We can see here that the products sold the most were actually sold only 400 times - during the three years period.

So it is clear that we need to group similar products so that every such group contains enough data to perform analysis on it. But it is not that obvious how to do it because we can not rely on semantic similarity alone. Consider this example: chair and garden chair are semantically close, but in the view of our retail analysis they are completely different products: we would expect seasonality from garden chair but not from any chair. Another products which are semanticaly similar but actually completely different are garden fountain and chocolate fountain, because this products have same noun but different adjective.
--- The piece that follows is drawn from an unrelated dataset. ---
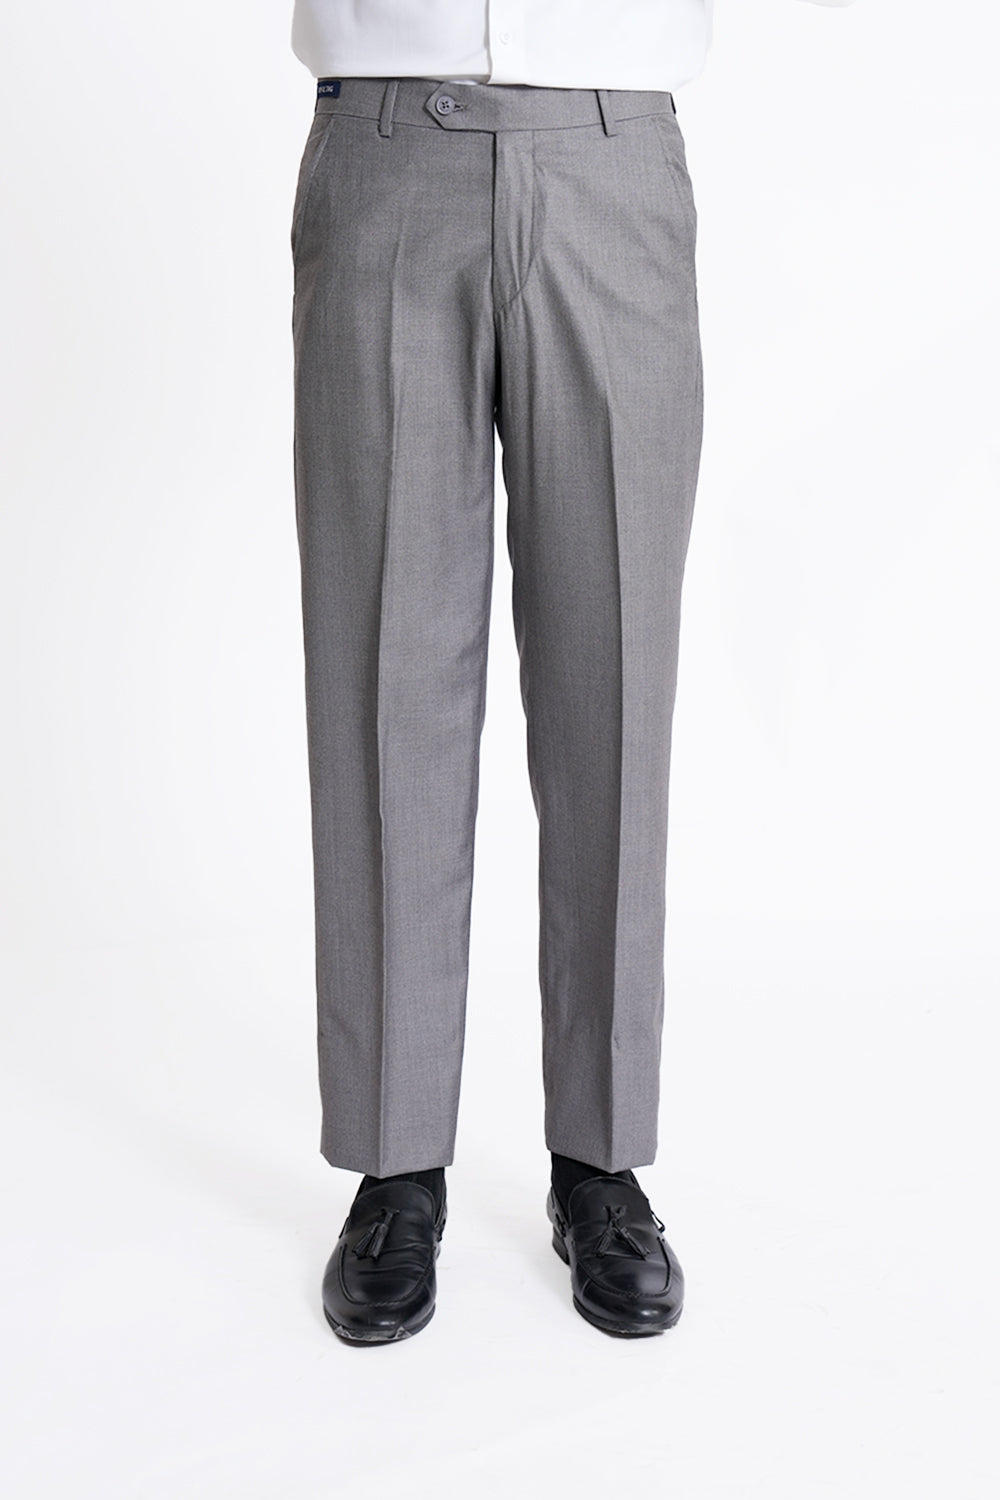 Grey Smart Fit Plain Dress Pant SDP240203-GR

This rule does not work for green carpet and red carpet which are essentially the same products.

So what we did to overcome those problems is an amalgamation of simplifying the names, measuring their similarity based on just the letters, NLP and some dirty work of manually grouping those products.

First thing which was done was data clearing. We removed data from other domains (rynków) and we considered only data from polish domain(rynek). We removed transactions with names suggesting that they was added for testing purposes. They often contained words : “test,” “ssss.” In the next step we removed from products’s names things like: product brands, colors, materials from which they were made, size, other insignificant informations. To group the same products we used DBSCAN clustering. The metric used for clustering was based on the levenshtein distance. Using this transformations we achieved 9k groups which we used to analize retail and seasonality.